Император заставил себя долго ждать. Прежде чем он появился, оба стула на сцене заняли Доминиций Корбулон, консул этого года, сводный брат Цезонии, и Сульпиций Гальба, бывший консул и наместник, образец лояльного и неподкупного служащего.

Потом перед собравшимися предстал и Калигула, одетый полководцем: в броне, красных сапогах и пурпурном плаще, прикрывавшем толстое обрюзгшее тело. Все поднялись в приветствии. Император лениво отмахнулся и опустился на импровизированный трон. За ним, как обычно, высилась охрана германцев, у каждого из которых правая рука с готовностью обхватывала рукоятку меча.

По знаку Калигулы со своего места поднялся консул Корбулон и прокричал в зал:

— Прежде чем мы займемся обсуждением положения, нам следует разоблачить двух предателей, которые находятся среди нас. Если у них хватит мужества добровольно признаться, то я предлагаю им выйти вперед.

Зал погрузился в мертвую тишину, не слышно было и шороха, все смотрели прямо на императора. Тот ухмыльнулся и произнес:

— Не трудись, консул, оба слишком трусливы.

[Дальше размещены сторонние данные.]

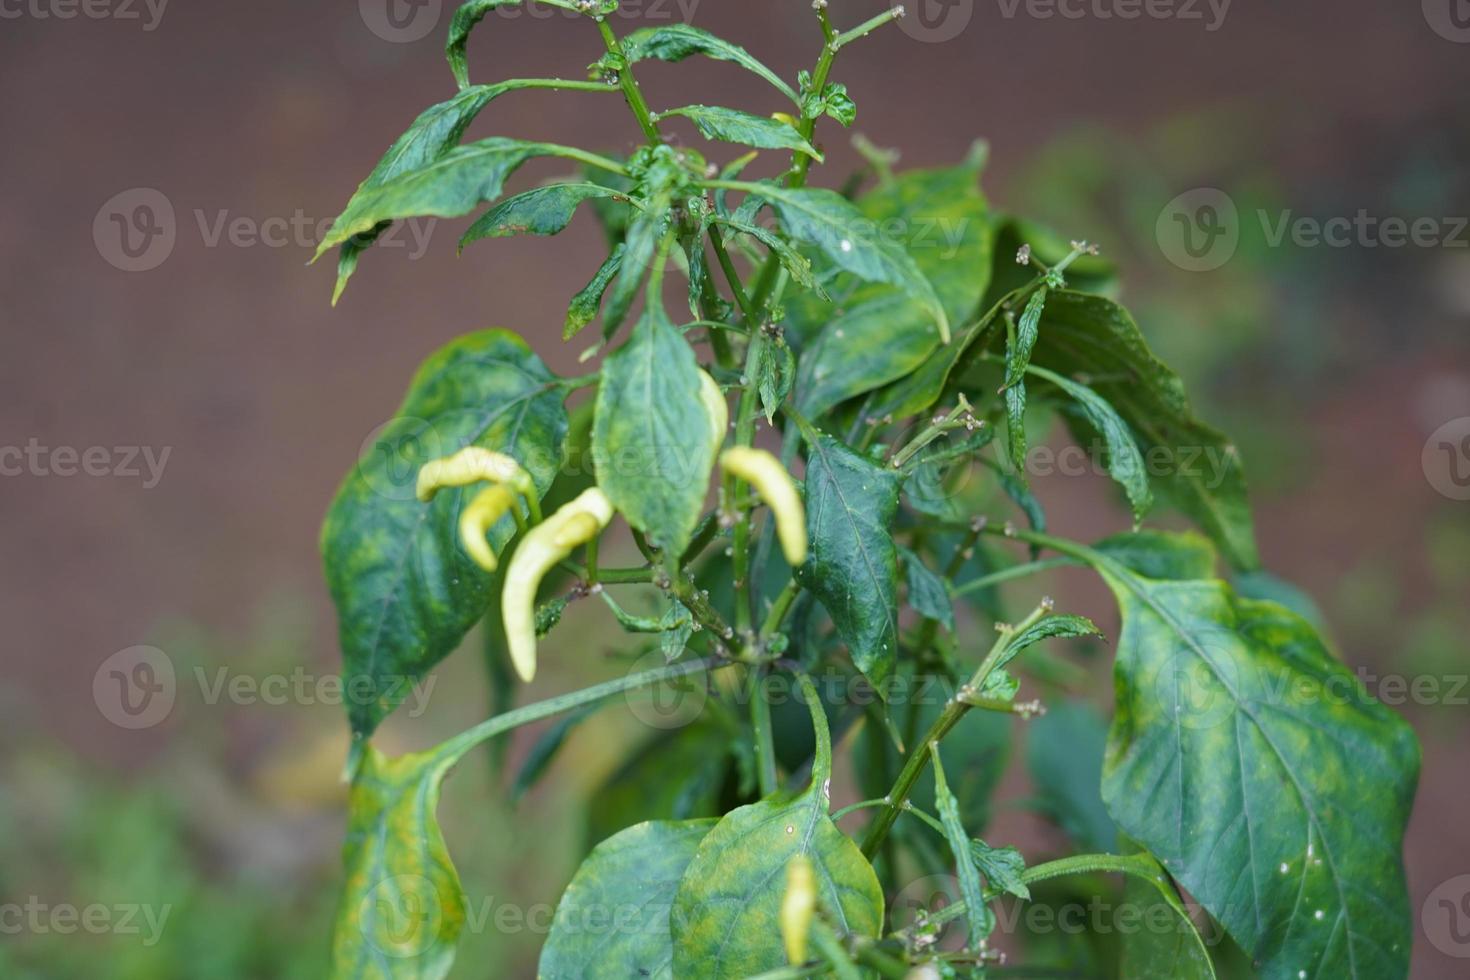 Chilli pepper growing in nature on the chili plant tree or bush photo

Он указал рукой в первый ряд.

— Тут сидят они и трясутся за свою жизнь! Эмилий Лепид и Лентулий Гетулик, встаньте! Выйдите на два шага вперед, чтобы каждый мог полюбоваться на предателей.

Он махнул преторианцам.

— В цепи их! — император поднялся. — Вам, почтенным офицерам моей армии, я обязан объяснением, ведь предатель Гетулик до сегодняшнего дня был легатом легионов Верхней Германии, которых я не без причины перебросил в другое место. Потому что, к сожалению, они поддерживали потерявших честь и достоинство предателей, надеялись вместе с Гетуликом устранить меня, чтобы поднять на престол другого предателя — Эмилия Лепида. Верно я говорю, Лепид? Или это пустое подозрение, которому нет доказательств?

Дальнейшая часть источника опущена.